_DATA SEGMENT_

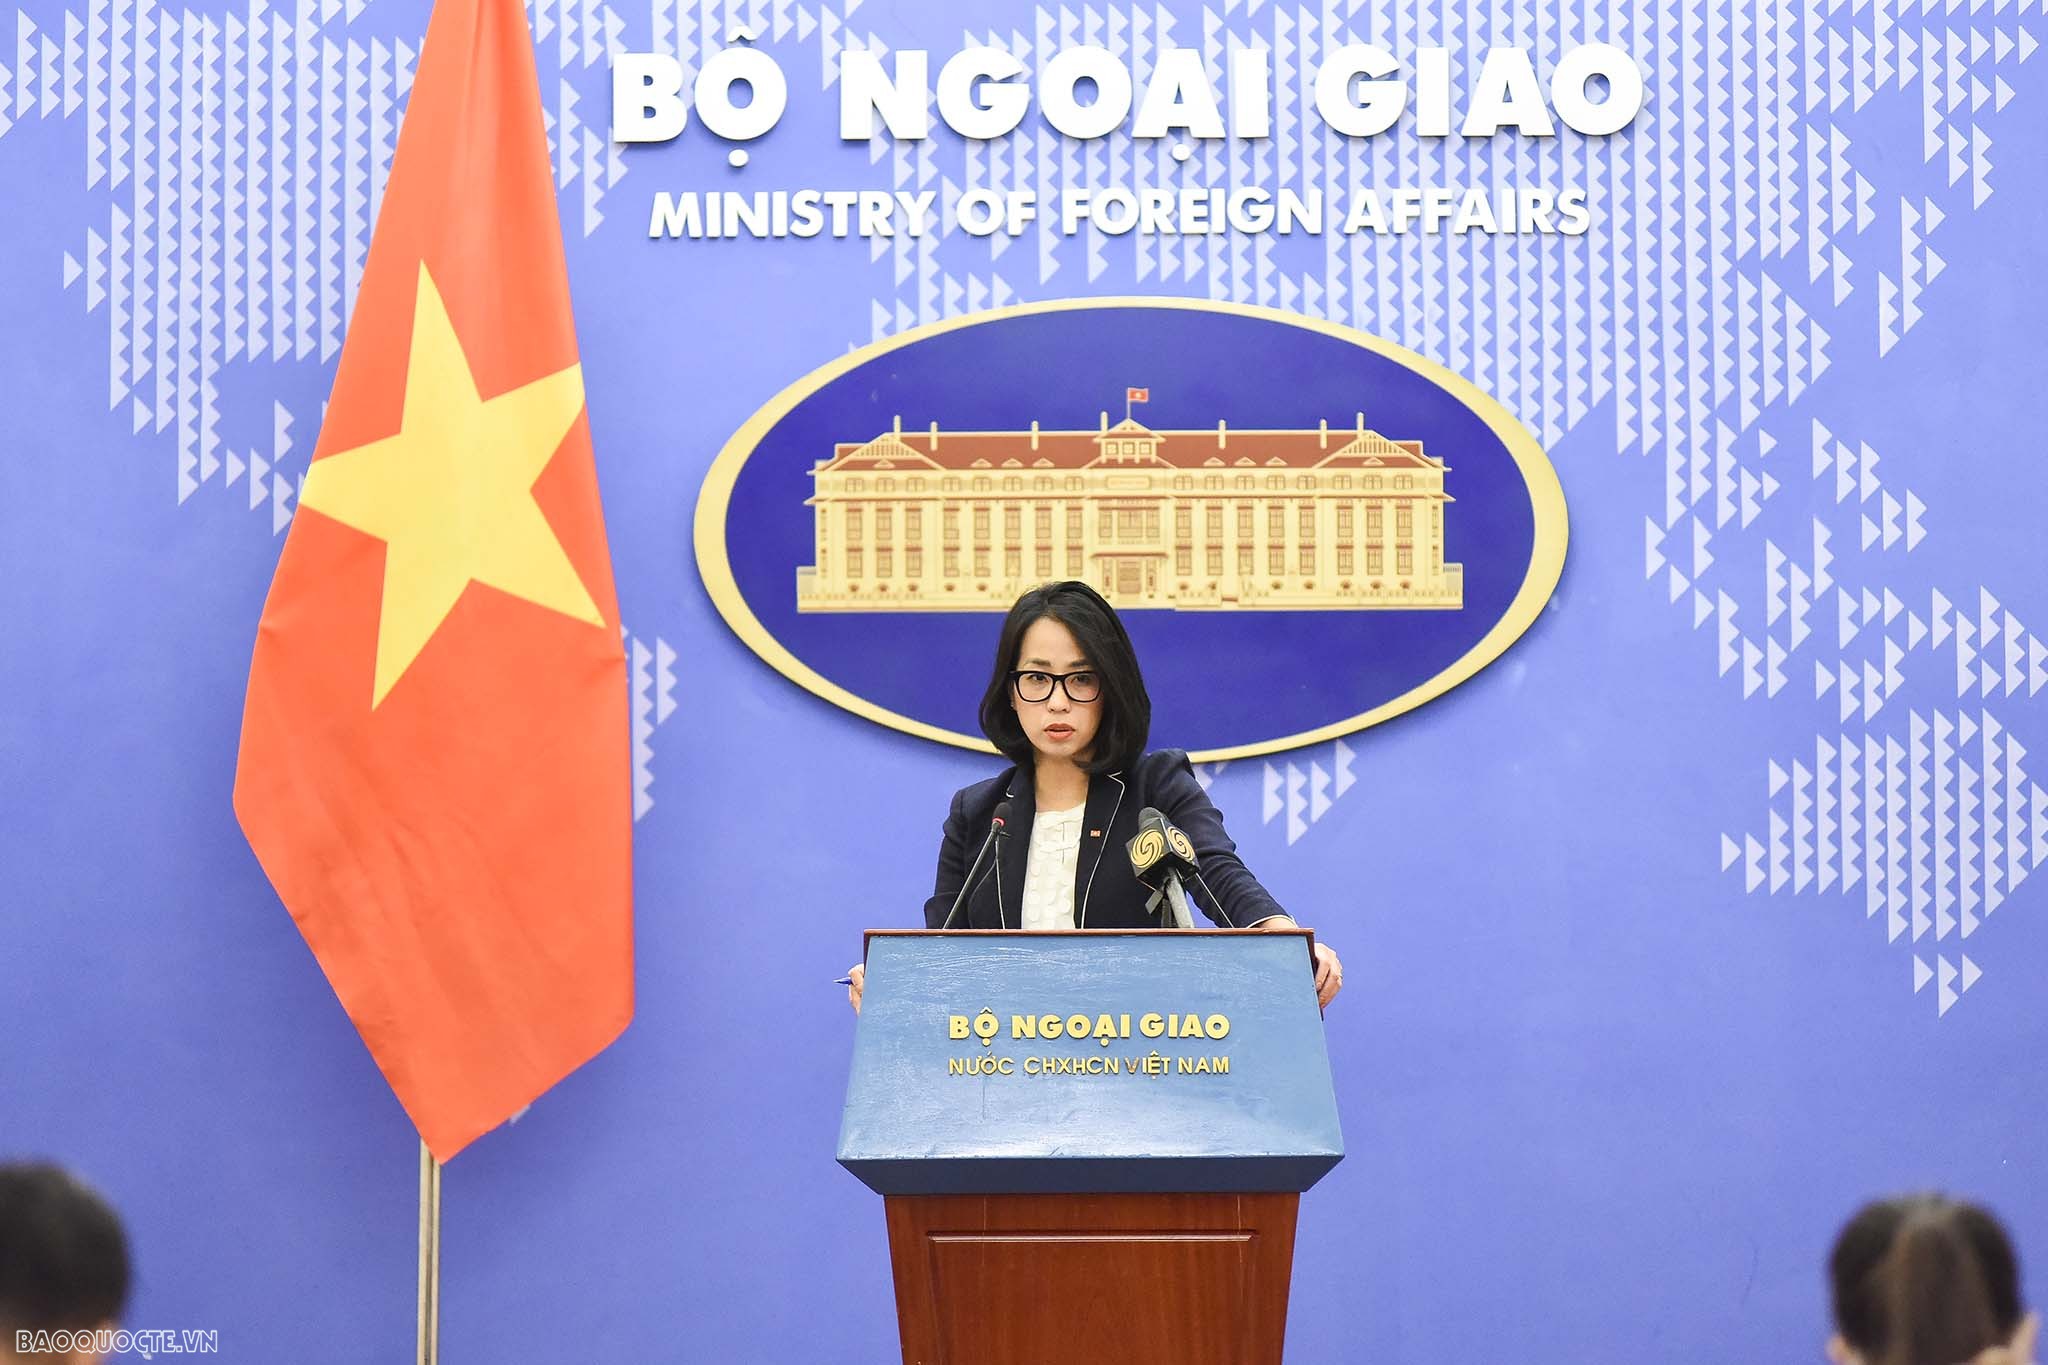 Protecting, promoting human rights is Vietnam's consistent policy: Deputy Spokesperson
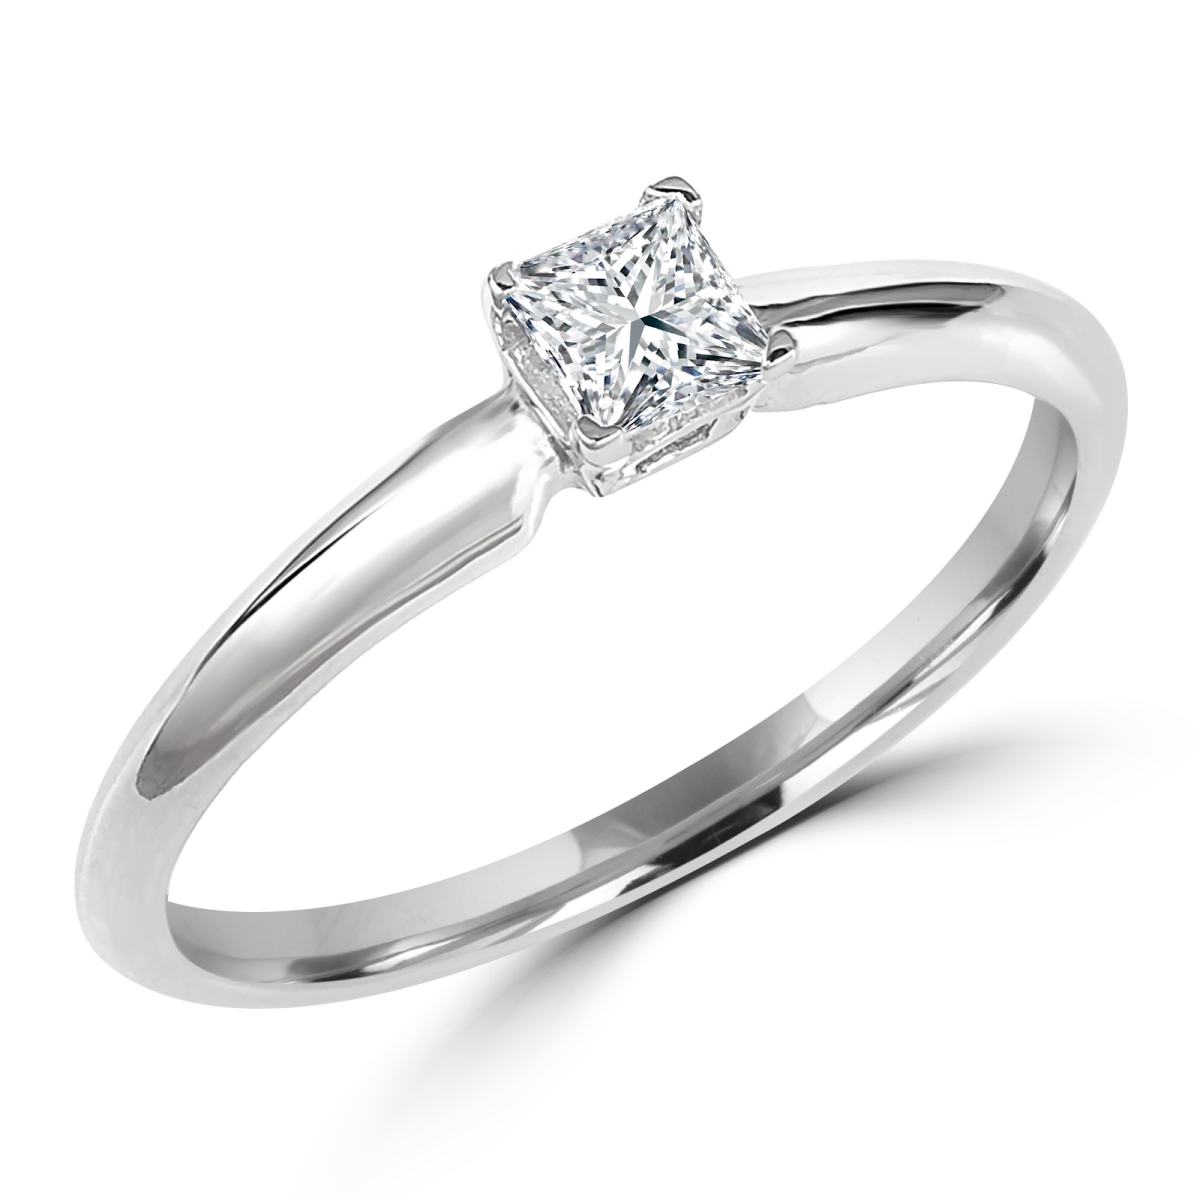 Picture of Majesty Diamonds MD170184-8.25 0.5 CT Princess Diamond Solitaire Engagement Ring in 10K White Gold - 8.25
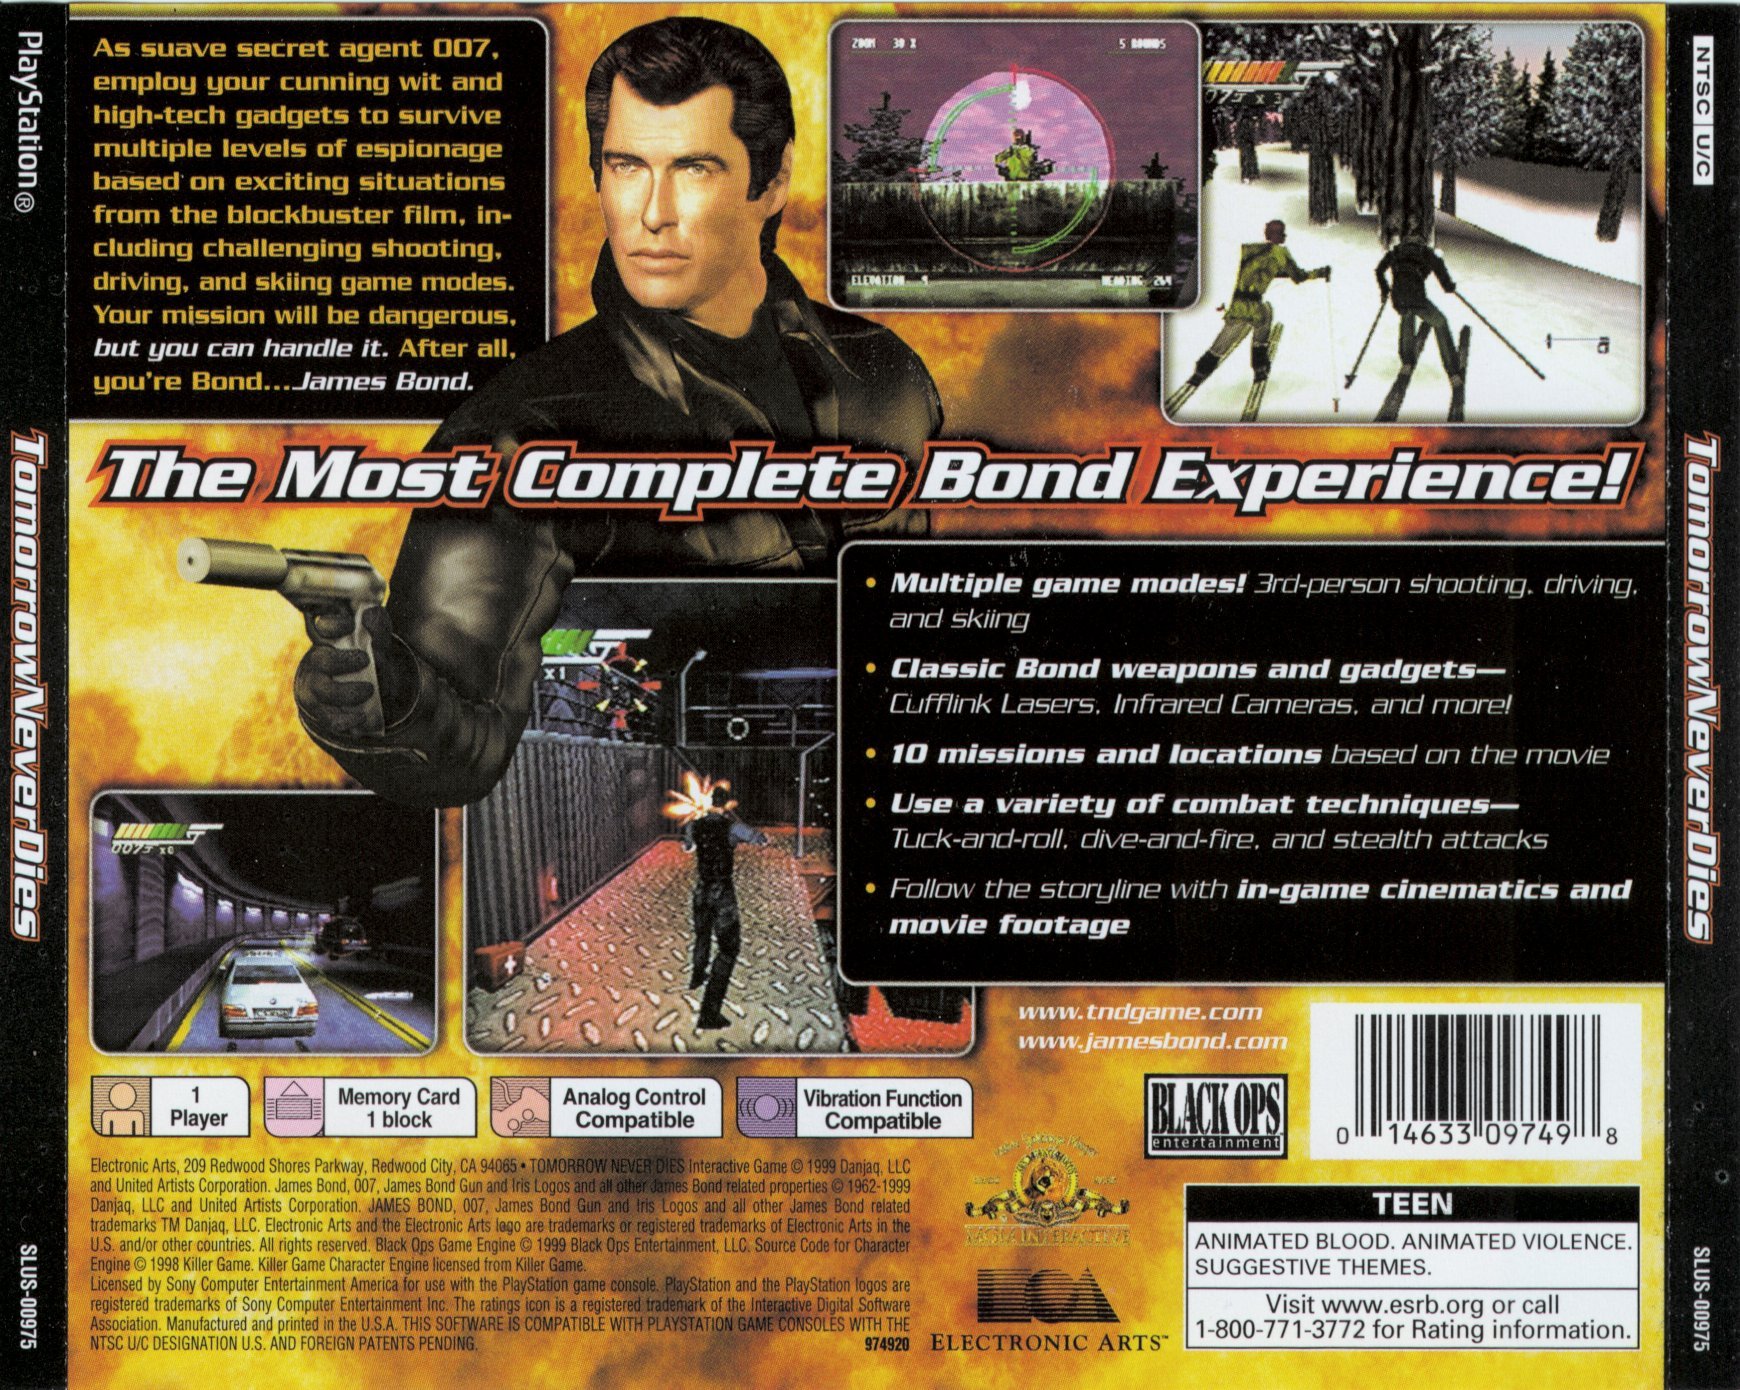 007 - Tomorrow never dies PSX cover

_WHAT IS BEING ASKED_
If a picture appears in the data, omit it; transcribe all the rest exactly.

_SOLUTION TO THE EXERCISE_
 Protecting, promoting human rights is Vietnam's consistent policy: Deputy Spokesperson
 Picture of Majesty Diamonds MD170184-8.25 0.5 CT Princess Diamond Solitaire Engagement Ring in 10K White Gold - 8.25
 007 - Tomorrow never dies PSX cover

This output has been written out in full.